Surgeons striving to improve patients’ postoperative pain while minimizing opioid use should consider the following strategies:

  • Preoperative discussion regarding the expected postoperative pain and treatment
  • Preoperative review of the risks of opioid therapy
  • Early referral to a pain management specialist for patients with prolonged or atypical pain, and preoperative collaboration with a pain management specialist for patients who are already receiving chronic opioid therapy
  • Use of opioid-sparing regimens in the perioperative period (for example, ERAS protocol via ISCR collaboration)

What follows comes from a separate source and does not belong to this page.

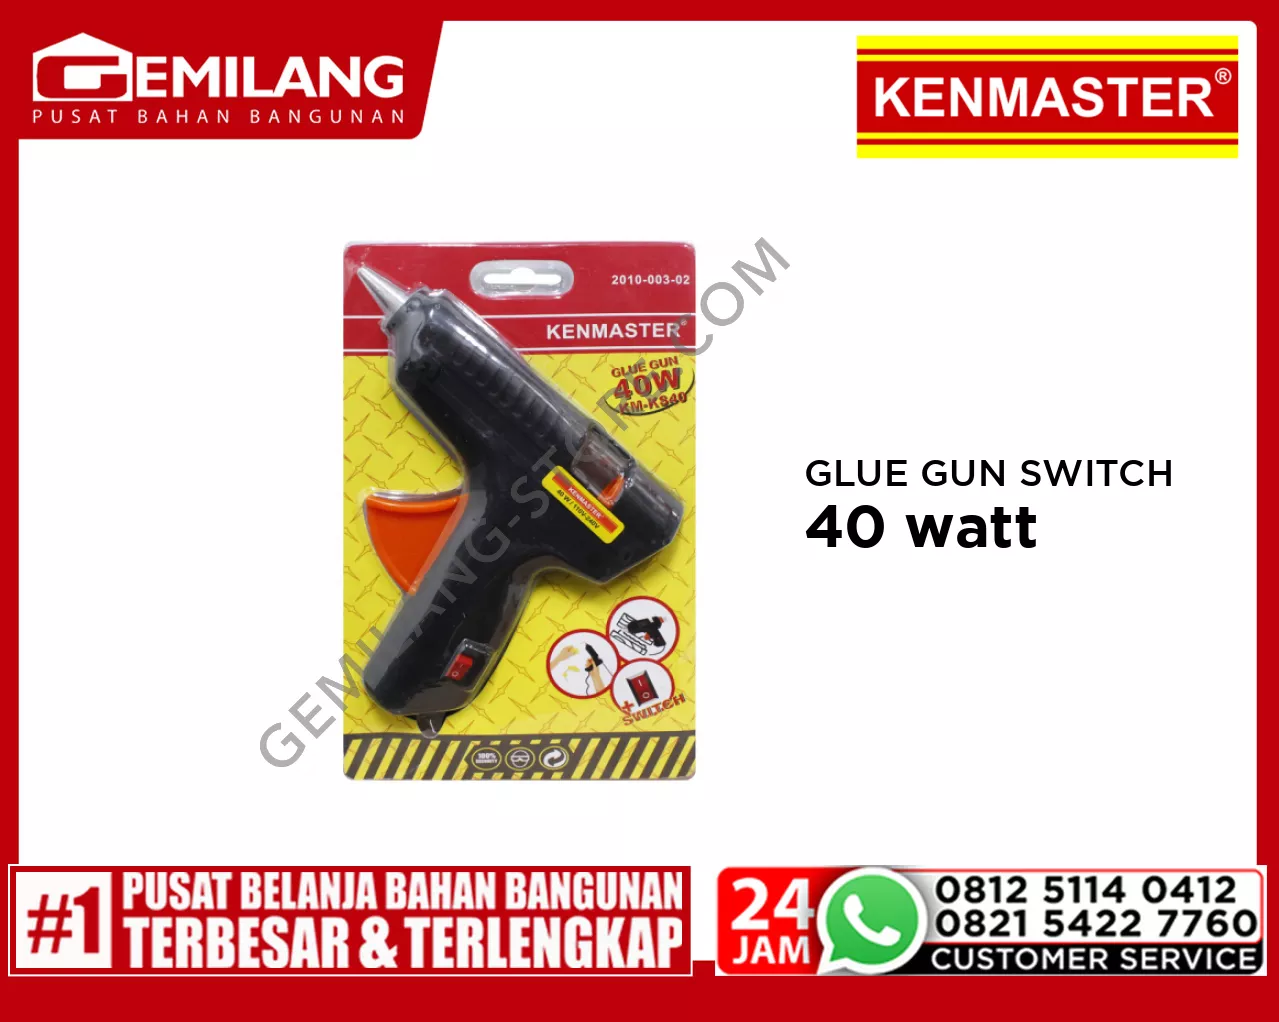 KENMASTER GLUE GUN SWITCH 40w

  • Review of the expected postoperative pain course at the postoperative visit with an emphasis on the appropriate time at which the patient should no longer be requiring opioids

Pain is a necessary but undesirable consequence of surgery. Consequently, surgeons are responsible for understanding effective treatment of acute pain as well as the care of surgical patients with an acute exacerbation of chronic pain. Internal implicit biases about level and degree of postoperative pain from both surgeons and patients must be reconciled. The presence of chronic opioid use must be accounted for when tailoring postoperative analgesia, with an emphasis on early collaboration with pain management specialists. We must use our best judgment to provide appropriate therapy and should implement strategies such as ERAS protocols to reduce prescribing of narcotic medications. Expansion and standardization of resident education may aid in a physician-led attempt to address the growing opioid epidemic in the U.S.